Петр прочел, а глаза его казались бессмысленными.
– Что передать командующему, генерал? – обеспокоенно спросил посыльный.
Тупым, деревянным голосом Петр ответил:
– Передайте, приказ будет исполнен.
Дмитрий пошевелился и пытался открыть глаза. Он хотел что-то сказать. Петр порывисто склонился к нему.
– Петро, – понял он. – Это ты… генерал?.. На заводе бы… узнали… Поклонись… там…
Тело его сильно дернулось, он вытянулся – как солдат по извечной солдатской стойке «смирно», губы судорожно сжались.
Буры медленно стянули шляпы…
ЖИВЫЕ ДОЛЖНЫ БОРОТЬСЯ
1
Третий день над долиной Вилге уныло виснут серые зимние облака. Третий день нудит холодный мелкий дождь.
В кухне домика на окраине Бронкхорстпрейта Антонис Мемлинг играет с хозяином в карты. Игра обоим осточертела, но после каждой партии хозяин дома, чернявый и морщинистый гололобый бур, неизменно говорит, шепелявя: «Ну, шкинем еще?» – потом неторопливо, долго и старательно тасует замусоленную истрепанную колоду и, поплевав на грязные скрюченные пальцы, раскладывает карты. Время от времени оба они посматривают на дверь в комнату и прислушиваются.
У двери недвижно сидит на корточках Каамо. Он сидит так, должно быть, уже не один час. Там, за дверью его Питер. Питеру плохо. Вот уже полтора месяца ему плохо. Полтора месяца прошло, как погиб Дик, а Питер все еще не может прийти в себя. Ему надо было тогда поплакать. Что ж, что мужчина, – слезы помогают и мужчинам. Каамо говорил ему: поплачь – Петр не хотел его слушать. Он сделался сам не свой. Другие этого, может, и не замечали: Питер разговаривал с ними, как обычно, и делал все, что нужно делать, но он стал совсем другой. Прежний Питер ушел куда-то, спрятался вовнутрь, а другой в его оболочке делал за него все его земные дела – ел, отдавал распоряжения, воевал.

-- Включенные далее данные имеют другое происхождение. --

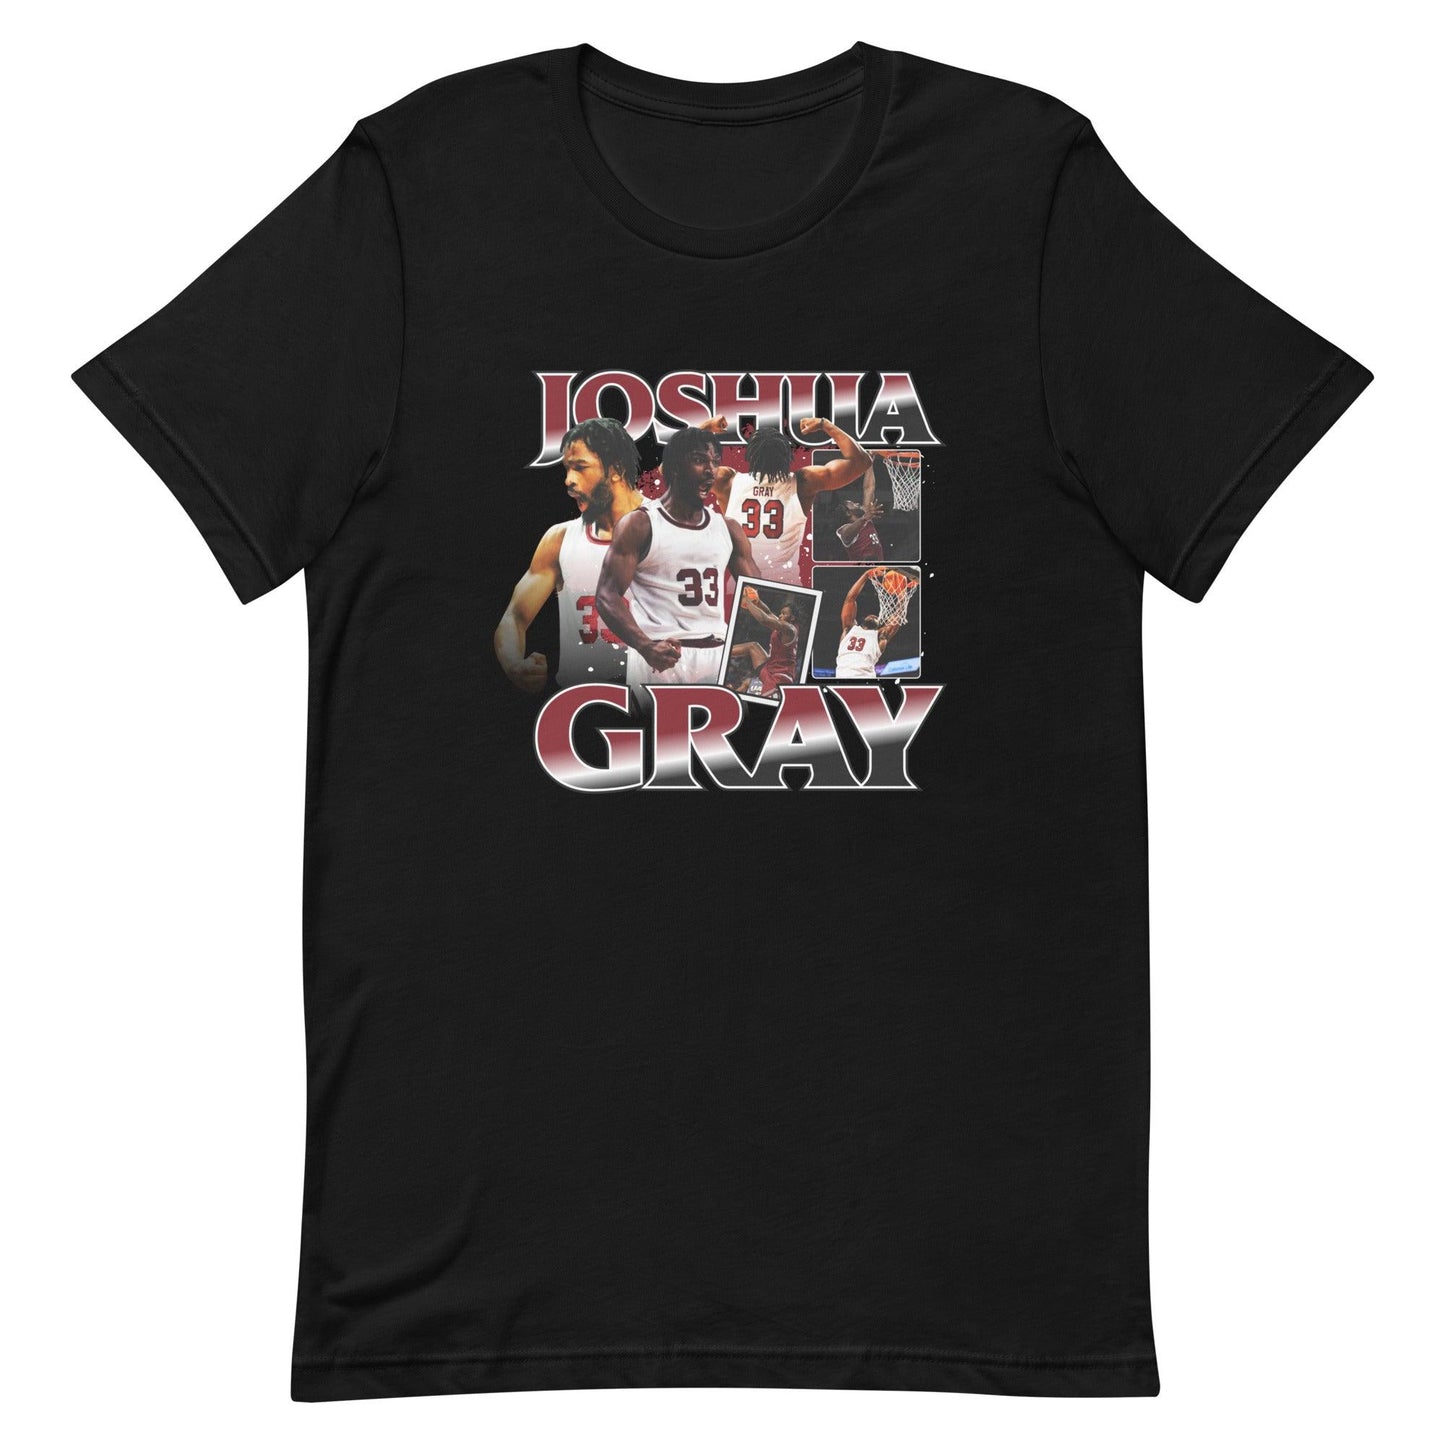 Joshua Gray "Vintage" t-shirt - Fan Arch

Воевал он даже еще лучше прежнего. Когда они по приказу Бота отошли тогда к Силвертону, потом дальше, к Рейтону, генерал Ковалев изумил не только англичан, но и буров. Его частям пришлось оборонять горный кряж между Рейтоном и рекой Бронкхорст. Железная дорога проходила здесь в ущельях. Стоило англичанам всей мощью ударить по ковалевским коммандо и грозно нависнуть над дорогой – вдруг оказывалось, что никаких коммандо тут уже и нет: они налетали на англичан с фланга. Те повертывали фронт, чтобы начисто разделаться с упрямым генералом, – он опять молниеносно отводил свою конную пехоту и нежданно бил с тыла. Его видели всюду, он не хотел укрываться от пуль, была в нем в те трудные дни этакая нахальная и угрюмая храбрость, отдававшая, однако, не бравадой, а полным безразличием к собственной голове. И удивительно, что, ни в грош не ставя свою голову, он все же придумывал хитроумнейшие маневры и головы-то своих бойцов сохранил почти полностью.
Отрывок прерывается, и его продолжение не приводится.